(Beginning of Records for this task)

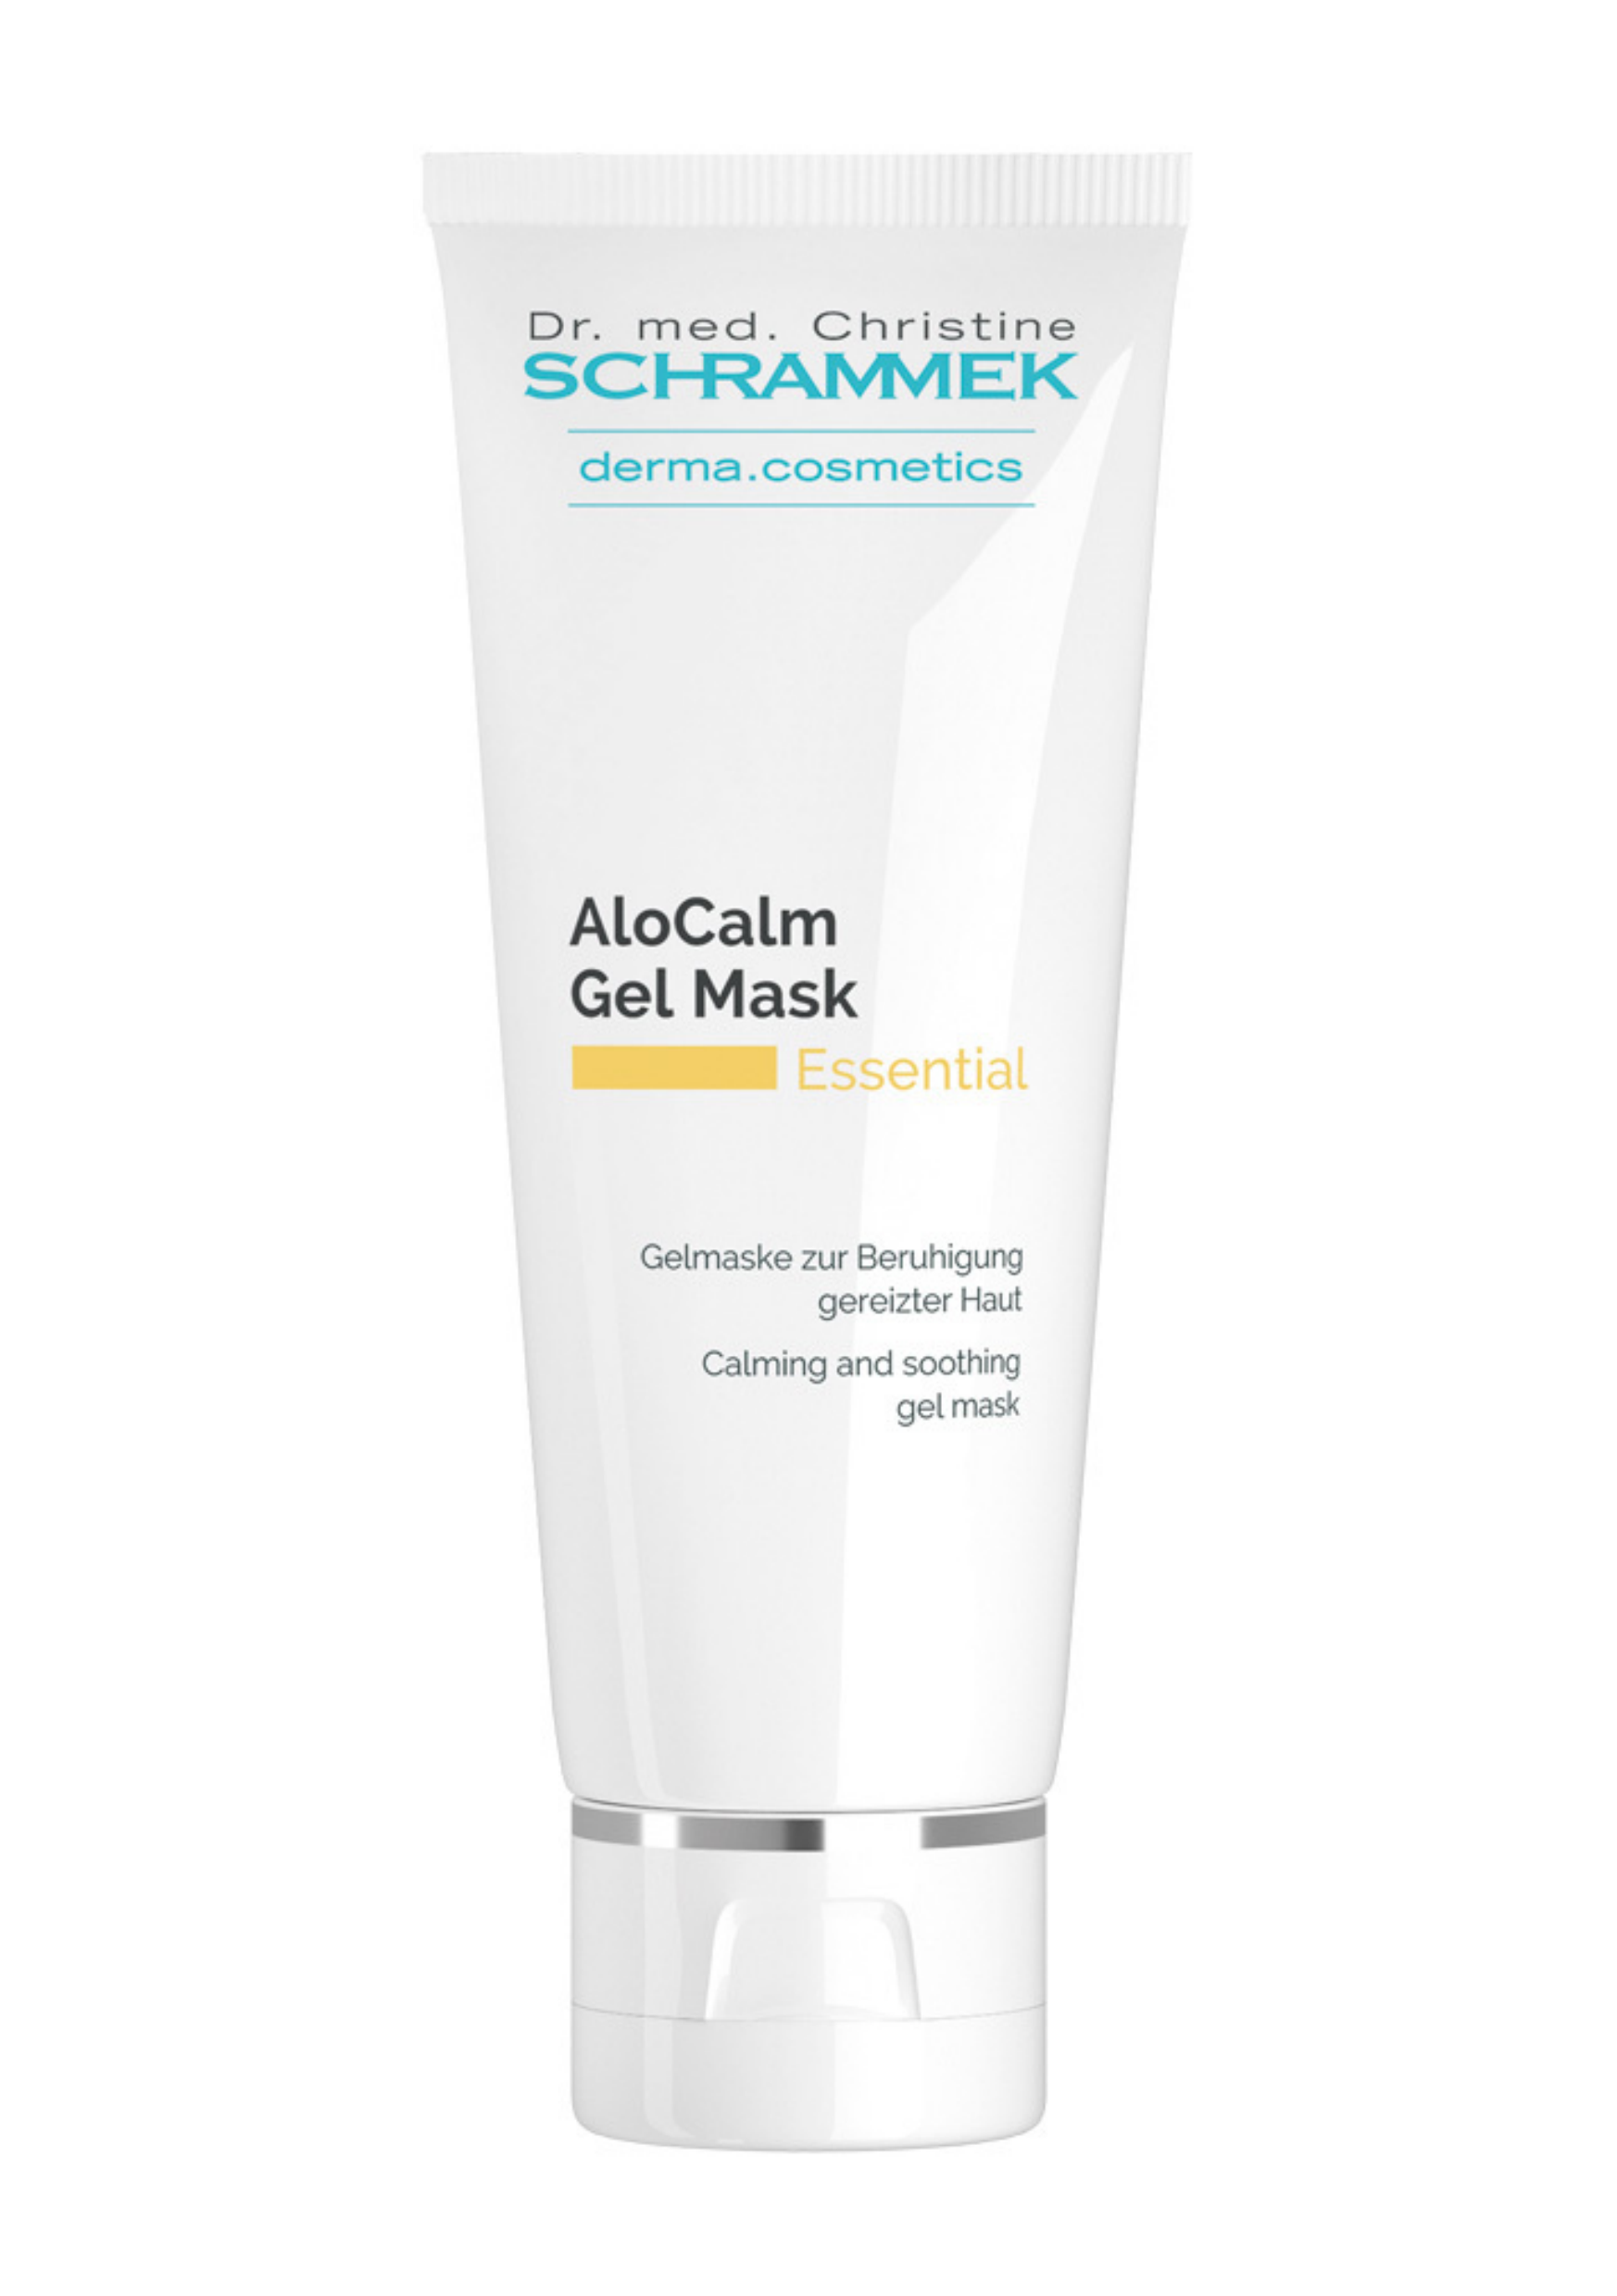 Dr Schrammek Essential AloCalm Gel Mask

(End of Records for this task)
(Beginning of Records for this task)

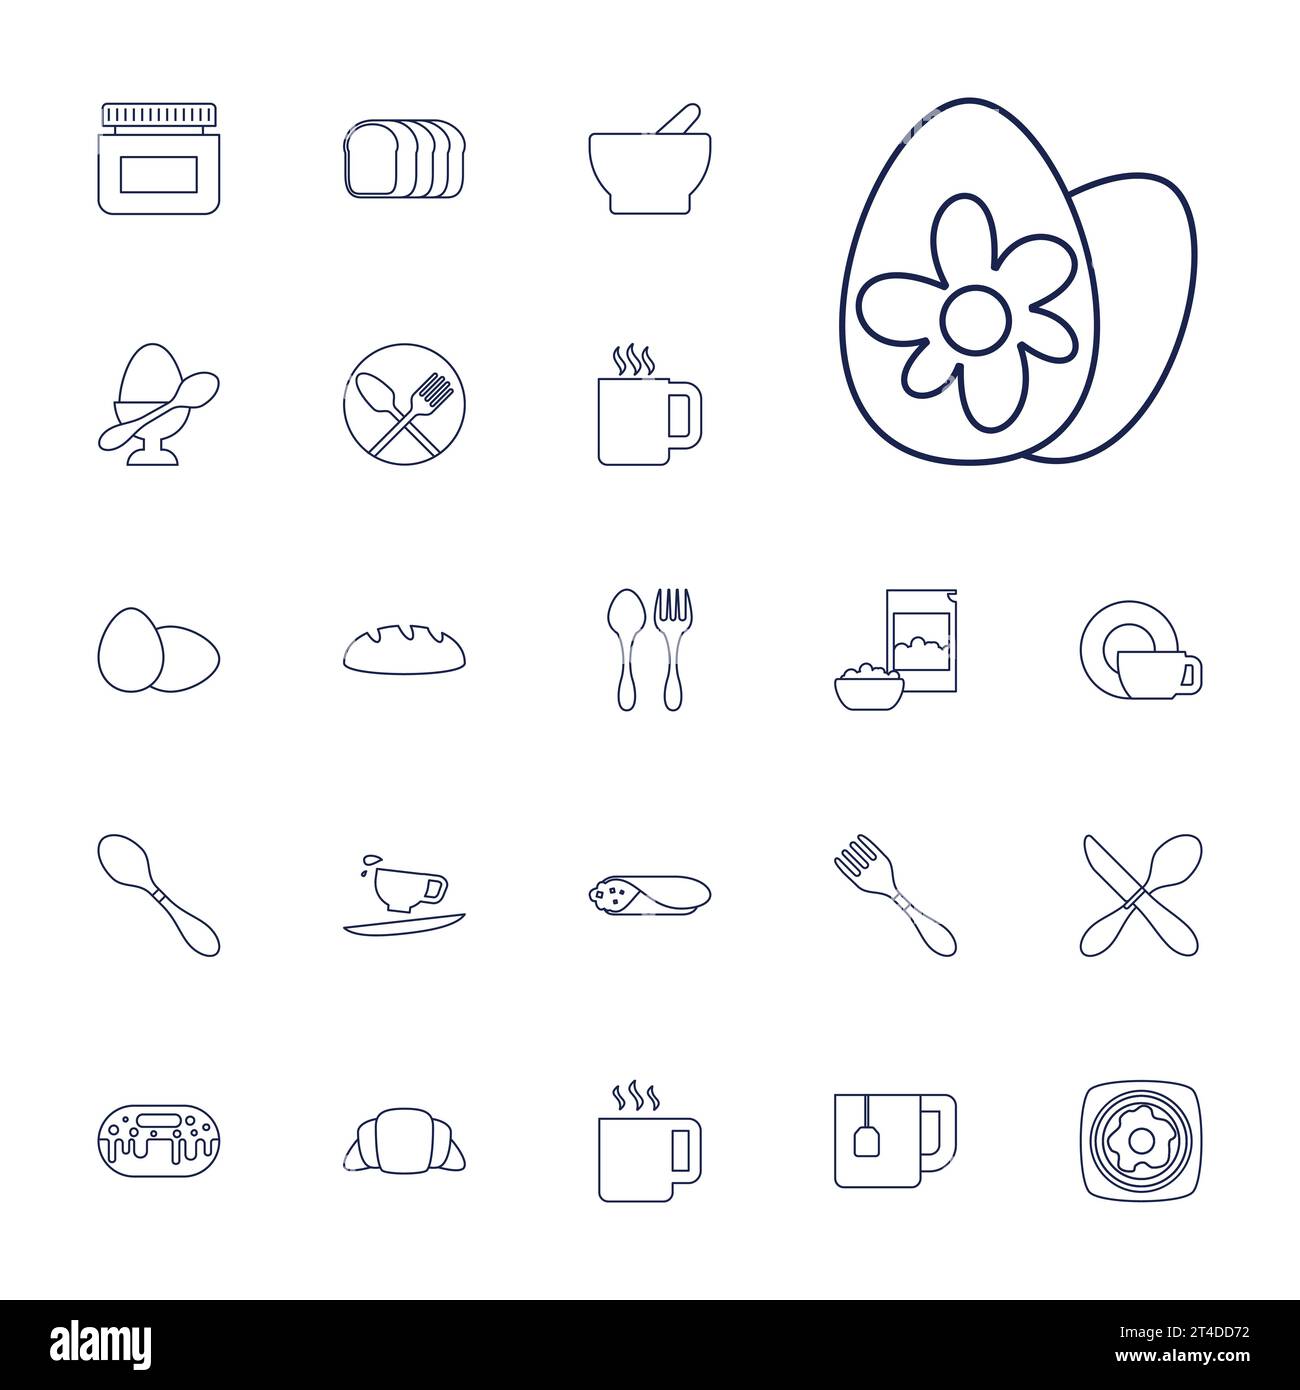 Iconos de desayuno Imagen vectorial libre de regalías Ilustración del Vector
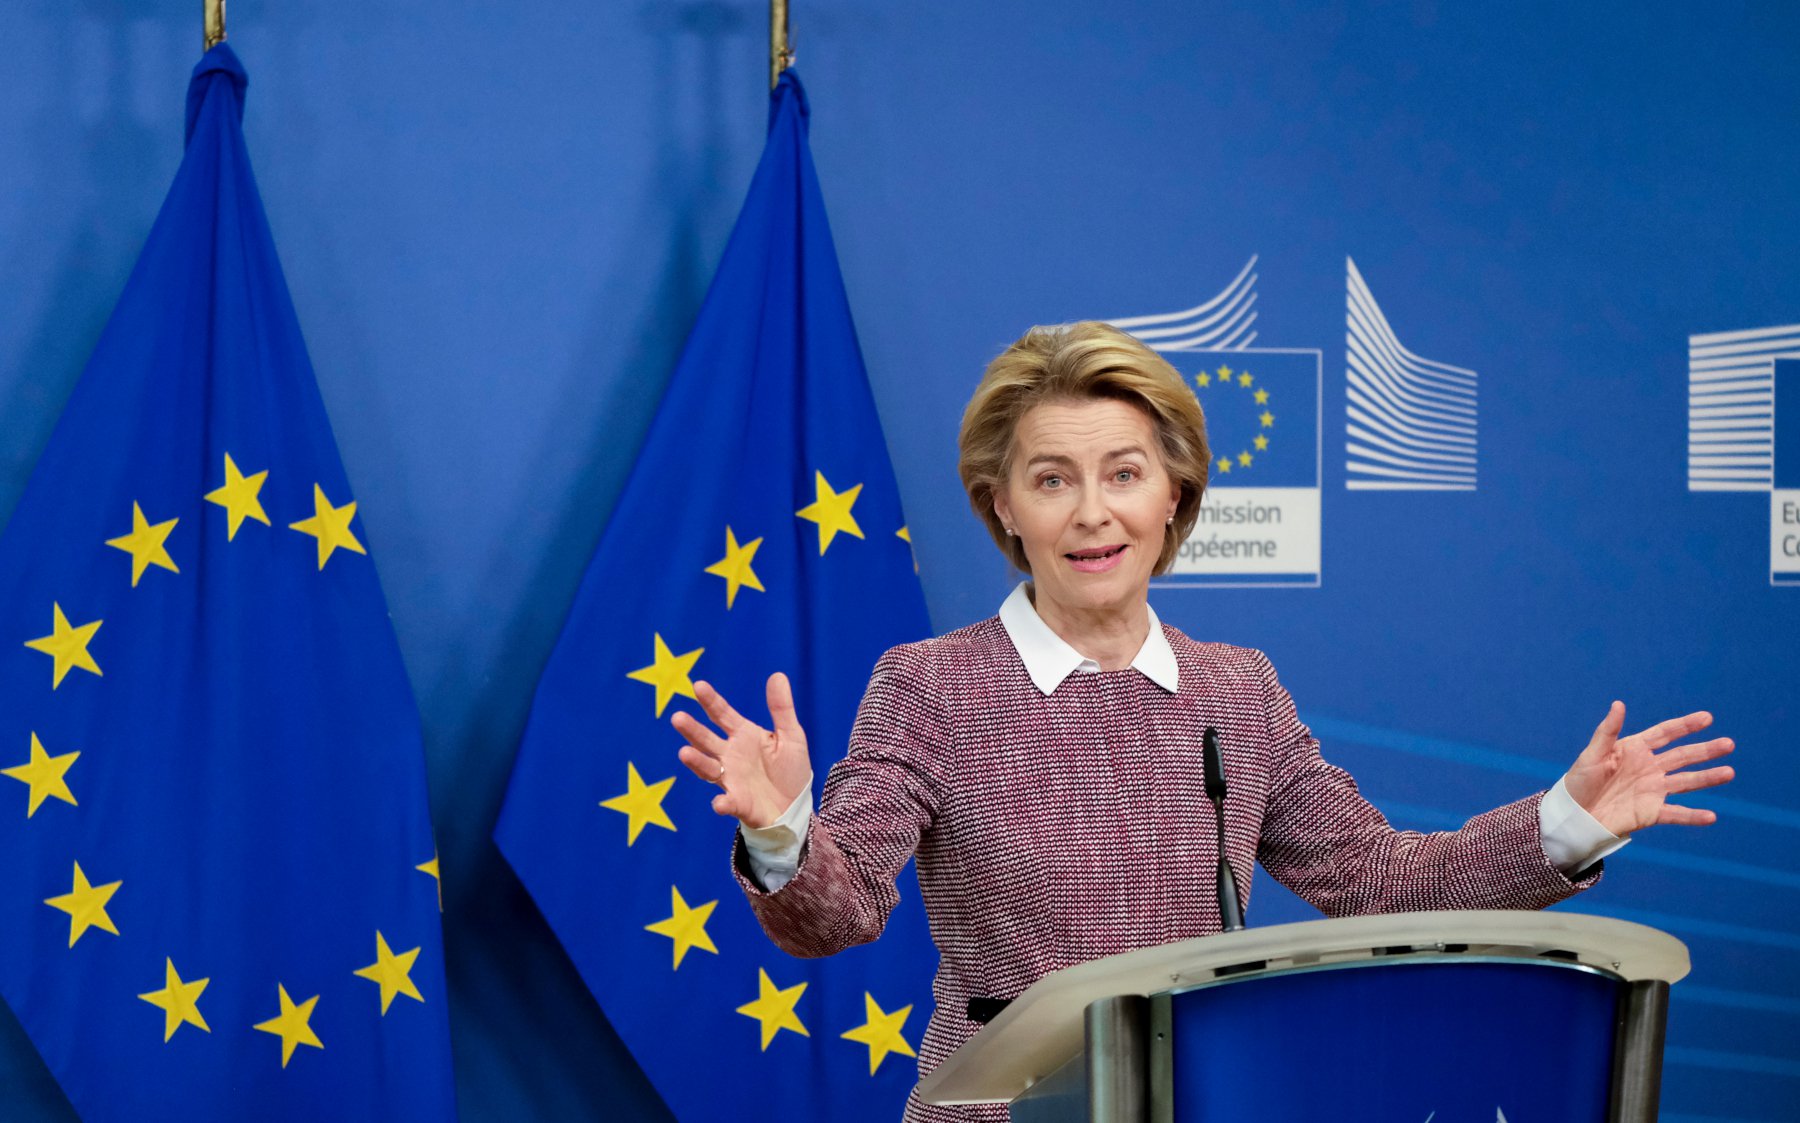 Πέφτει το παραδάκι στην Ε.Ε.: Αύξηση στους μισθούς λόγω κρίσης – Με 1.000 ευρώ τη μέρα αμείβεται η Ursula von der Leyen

(End of Records for this task)

**Brief**
Without the pictures, set down the lines above from the line with "Iconos de desayuno" up to and including the line with "Πέφτει το παραδάκι" exactly as they stand.

**Written answer**
 Iconos de desayuno Imagen vectorial libre de regalías Ilustración del Vector
 Πέφτει το παραδάκι στην Ε.Ε.: Αύξηση στους μισθούς λόγω κρίσης – Με 1.000 ευρώ τη μέρα αμείβεται η Ursula von der Leyen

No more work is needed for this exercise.